■ Task requirements ■
Output only the stretch of the listing that starts at the line containing "Lenox Elite Series, XC14" and ends at the line containing "Hotfuck Hah,Wrench This!", reproduced exactly with both ends.

──────── Available records

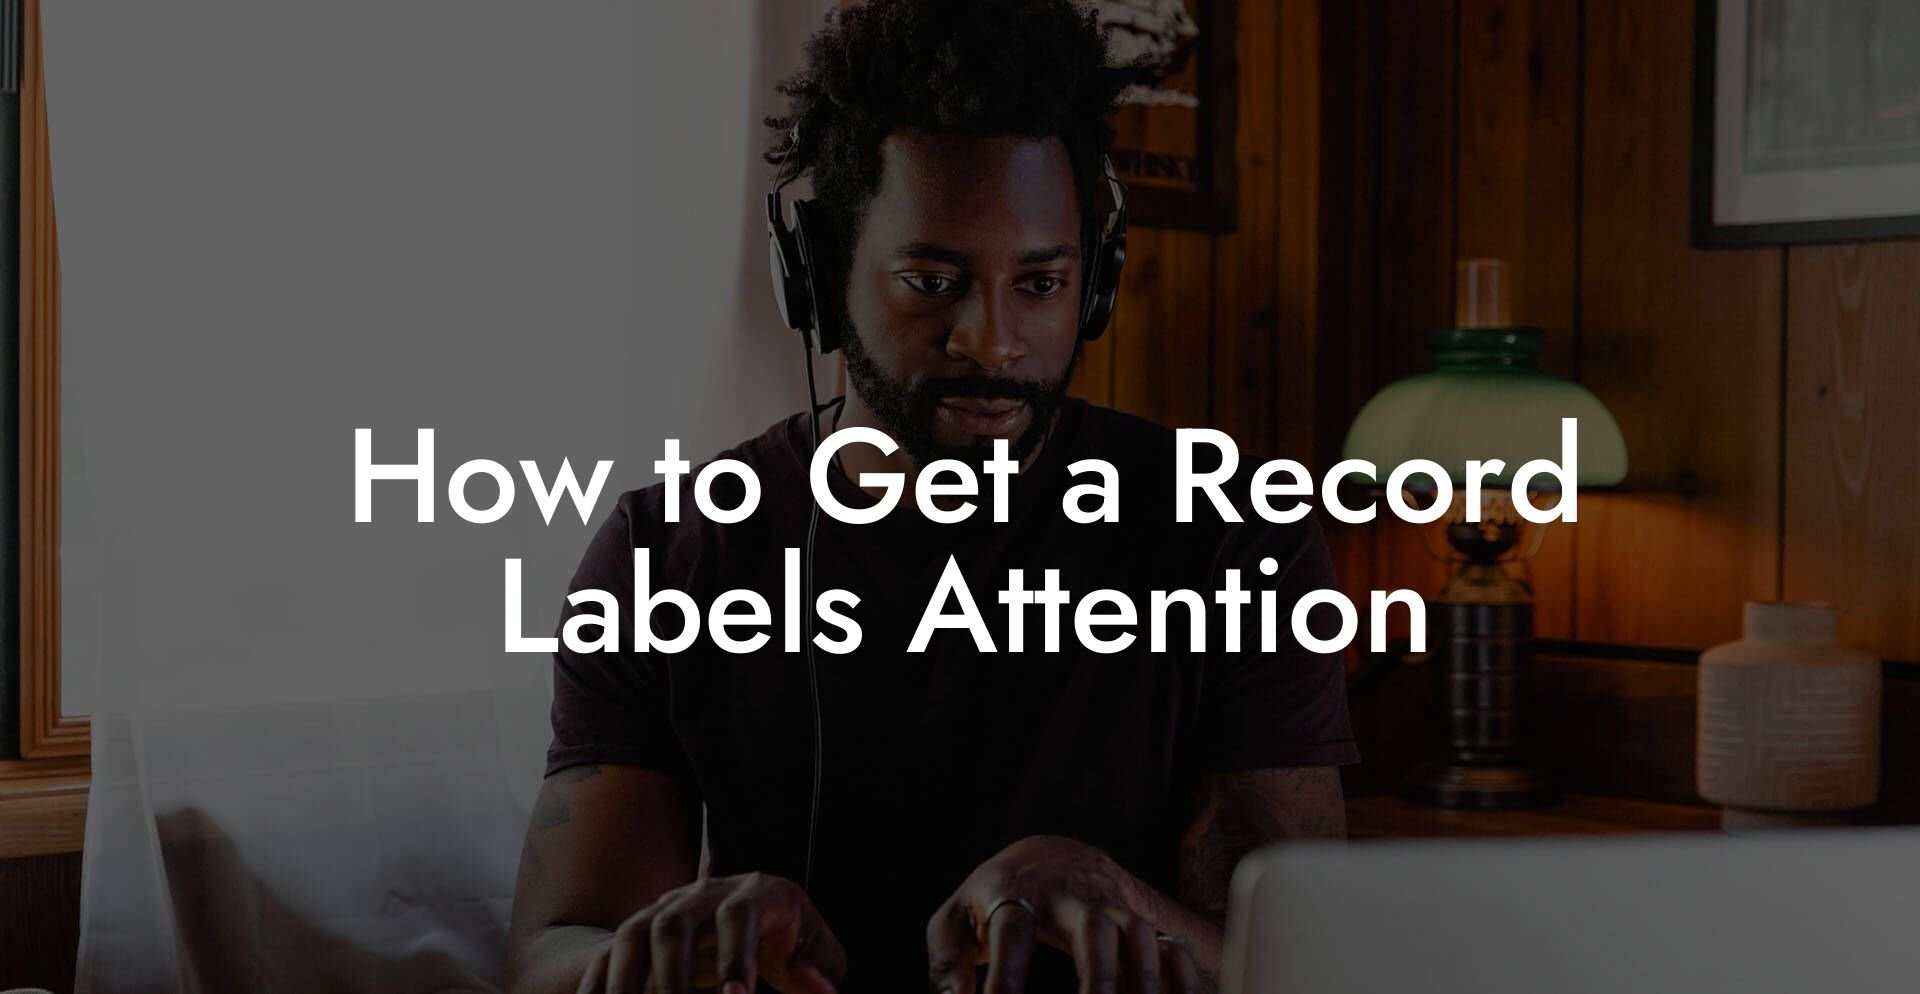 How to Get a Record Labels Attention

────────────────
──────── Available records

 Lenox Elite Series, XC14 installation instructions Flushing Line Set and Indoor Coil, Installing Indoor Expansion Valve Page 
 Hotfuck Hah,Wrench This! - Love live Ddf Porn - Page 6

────────────────

■ Result of the exercise ■
 Lenox Elite Series, XC14 installation instructions Flushing Line Set and Indoor Coil, Installing Indoor Expansion Valve Page 
 Hotfuck Hah,Wrench This! - Love live Ddf Porn - Page 6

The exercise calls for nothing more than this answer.